To definitively diagnose glomerulonephritis, a biopsy of the kidney is needed. In most cases, urine tests allow the presumptive diagnosis of glomerular disease. Significant protein loss in the urine is typically found on a routine urinalysis. The urine may also contain hyaline casts, which are proteins that are in the shape of the renal tubules and indicate damage to those structures. A urine culture test is helpful to eliminate bladder infection as a cause of protein loss in the urine. A test called a urine protein: creatinine ratio can be performed on the urine sample to determine the actual amount of protein loss.

"To definitively diagnose glomerulonephritis, a biopsy of the kidney is needed."

Other tests that are necessary to complete the diagnostic workup include:

• complete blood count (CBC) to identify anemia, inflammation, infection, or low platelet count

• serum chemistry tests to identify low blood protein concentration and high blood cholesterol concentration

• blood pressure measurement to identify systemic hypertension

• radiographs (x-rays) or ultrasound of the kidneys to search for obvious masses or abnormal kidney shape and size

• kidney biopsy (not always performed)

There are many tests required to accurately diagnose glomerulonephritis, and it can take several days to a few weeks to complete the necessary diagnostic workup.

How is glomerulonephritis treated?

The ideal treatment for glomerulonephritis is determined by identifying the underlying infectious, inflammatory, or cancerous disease that is causing the immune system to create immune complexes that are being trapped in the glomeruli. Unfortunately, in as many as 75-80% of glomerulonephritis cases, no underlying disease can be identified, or if one can be identified, it cannot be cured.

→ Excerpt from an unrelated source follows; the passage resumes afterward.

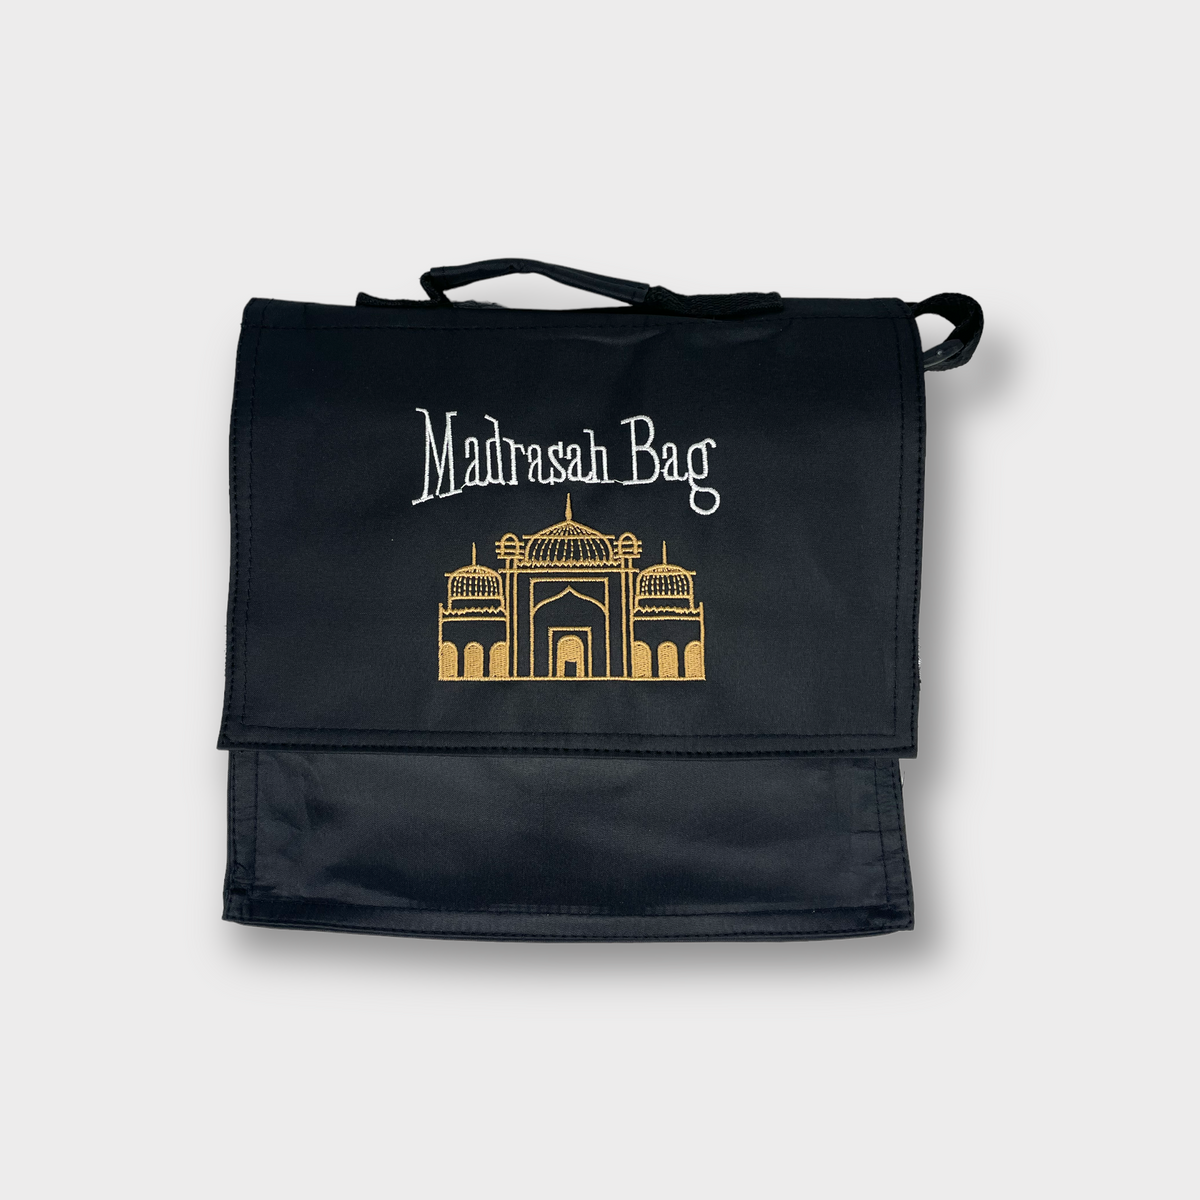 Black Madrasah Bag

Your veterinarian will recommend the best treatment plan for your dog. Some of the prescribed treatments for glomerulonephritis may include:

• immunosuppressive drugs to suppress immune complex formation

• anti-clotting agents or a low dose of aspirin, to prevent clotting within the glomeruli

• omega-3 fatty acid supplementation to reduce the inflammatory response and prevent clotting

• specialized prescription diets (in pets with kidney failure or hypertension)

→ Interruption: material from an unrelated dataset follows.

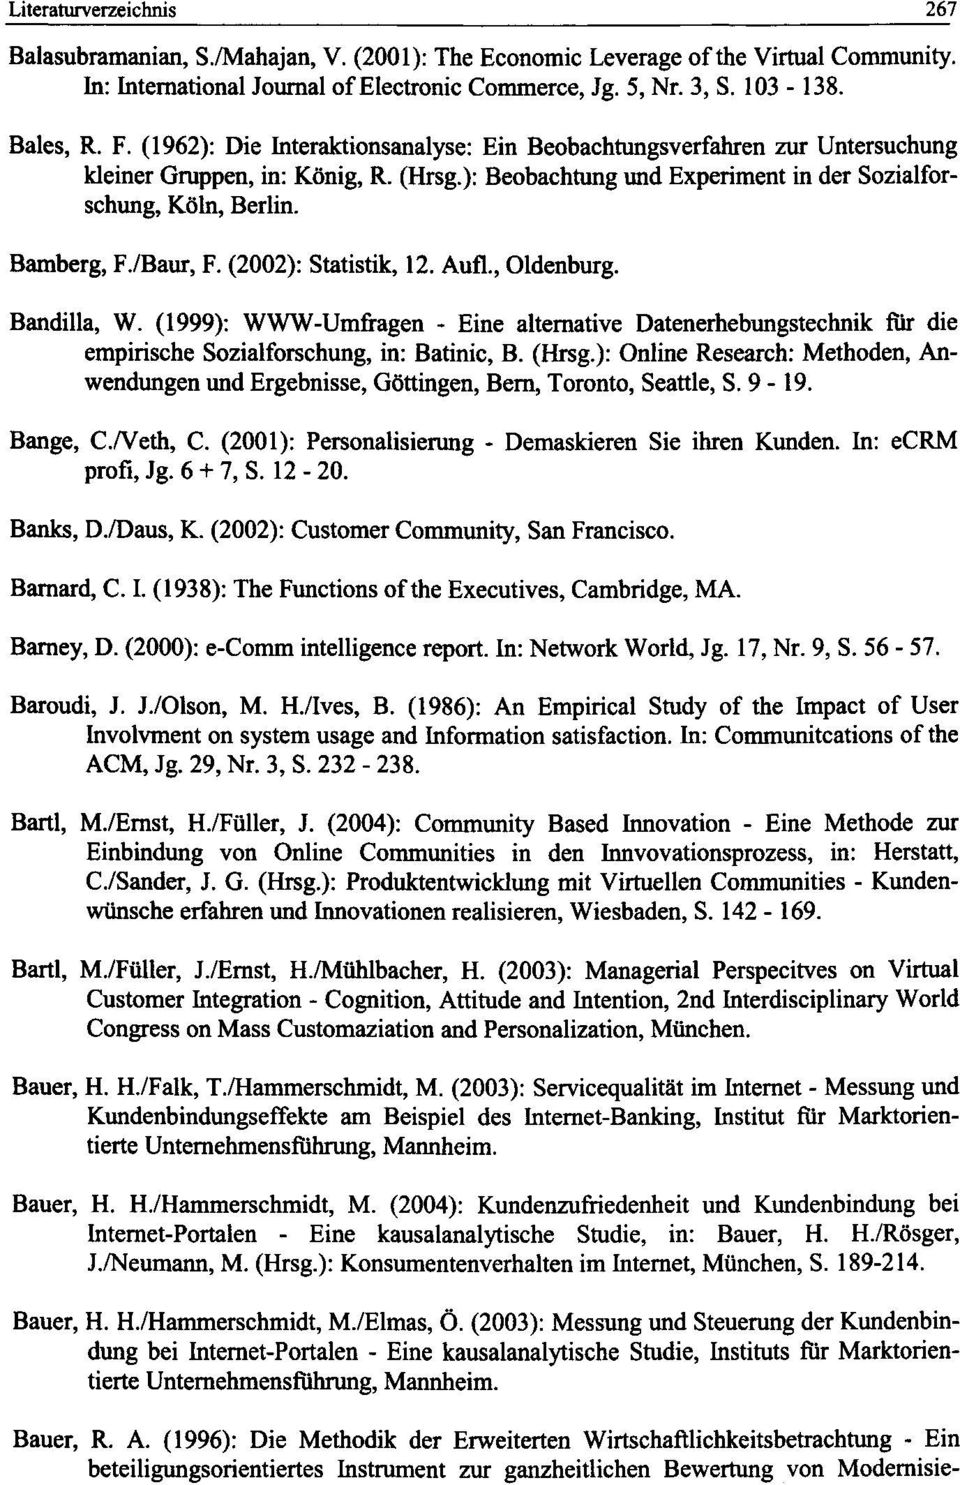 /Baur, F. (2002): Statistik, 12. Aufl., Oldenburg. Bandilla, W. (1999): WWW-Umfragen - Eine alternative Datenerhebungstechnik fi^ die empirische Sozialforschung, in: Batinic, B. (Hrsg.

• angiotensin-converting enzyme (ACE) inhibitors such as enalapril, to minimize protein loss in the urine and to help control blood pressure

• medications to control high blood pressure

What is the prognosis for glomerulonephritis?

The prognosis for glomerulonephritis is based on your dog's specific condition and severity. In general, this is a potentially serious condition requiring extensive diagnostic tests and treatments. Your veterinarian will discuss a diagnostic and treatment plan for your dog to help you manage this serious condition.